И с улыбкой добавил:
— Кроме того, любое путешествие — это перемещение в пространстве. С планеты ли на планету или в соседний поселок. Когда вы вошли в этот дом, вы завершили одно из пространственных путешествий.
— Конечно, — ответил я. — Много у нас говорилось также и о химических продуктах и вымирающих животных.
Однако мужчина повернулся ко мне спиной и смотрел сквозь стекло. Снаружи белела равнина под молчаливым снегом и под луной.
Я отважился на вопрос:
— А есть у вас музеи, библиотеки?
— Нет. Мы хотим забыть прошлое, пригодное разве что для сочинения элегий. У нас нет памятных дат, столетних юбилеев и изображений умерших. Каждый должен по своему усмотрению развивать те науки и искусства, в которых испытывает потребность.

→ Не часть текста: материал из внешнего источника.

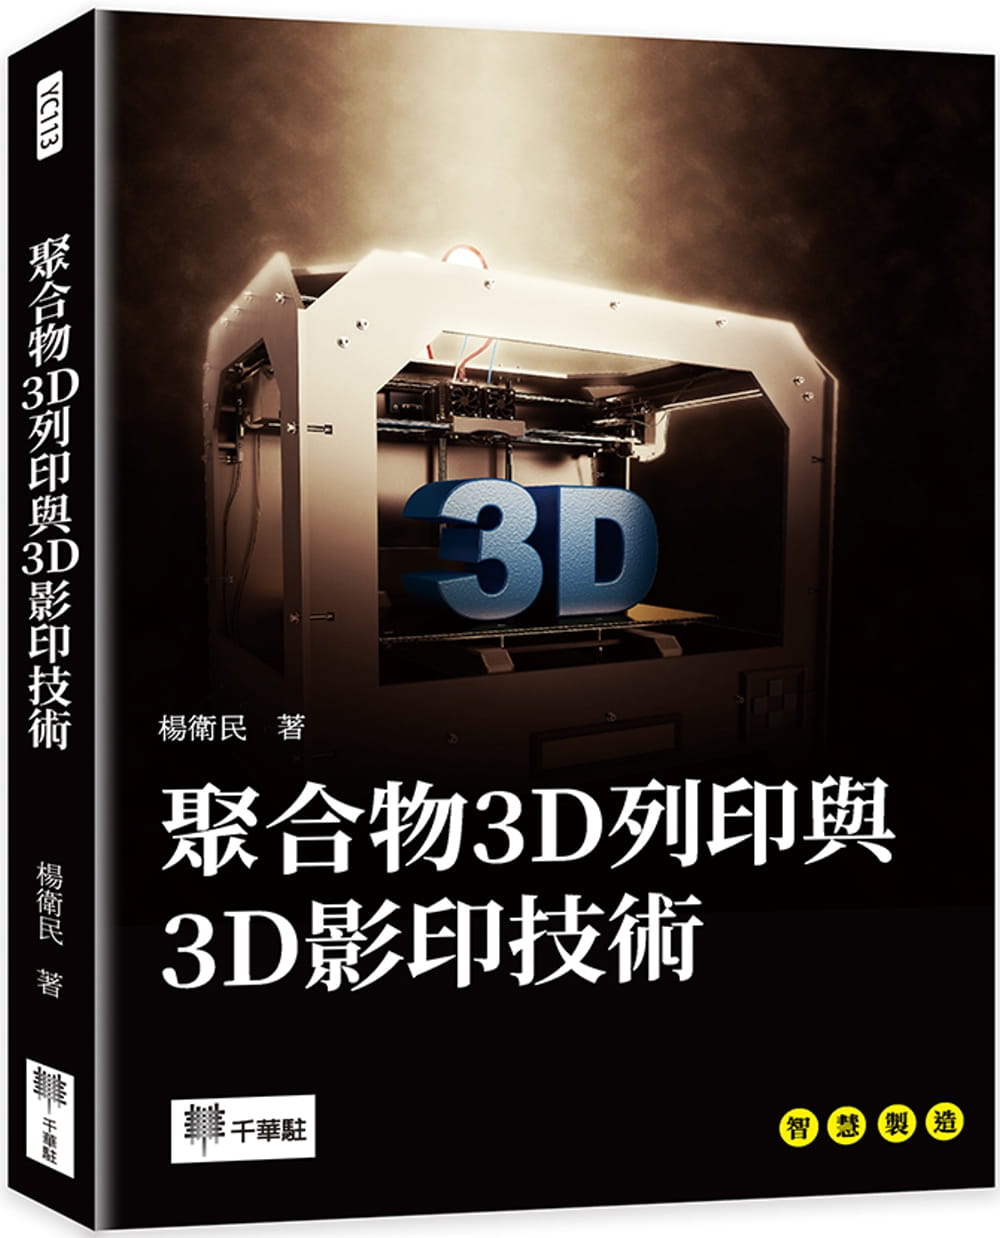 聚合物3D列印與3D影印技術

— Значит, каждый сам для себя Бернард Шоу, сам для себя Иисус Христос, сам для себя Архимед?
Он молча выразил согласие. Я продолжал расспросы:
— А что произошло с правительствами?
— По традиции, они постепенно выходили из употребления. Ими назначались выборы, объявлялись войны, собирались налоги, конфисковалось имущество, предпринимались аресты и вводилась цензура, и никто на земле их не чтил. Пресса перестала публиковать их декларации и изображения. Политикам пришлось подыскивать себе достойные занятия: одни стали хорошими комиками, другие — хорошими знахарями. В действительности все было, конечно, намного сложнее, чем в этом моем рассказе.
Он продолжал другим тоном:
— Я соорудил свой дом, такой же, как все остальные. Сделал мебель и всю эту утварь. Вспахал поле, которое новые люди, лиц которых не вижу, вспашут лучше меня. Могу показать тебе кое-какие вещи.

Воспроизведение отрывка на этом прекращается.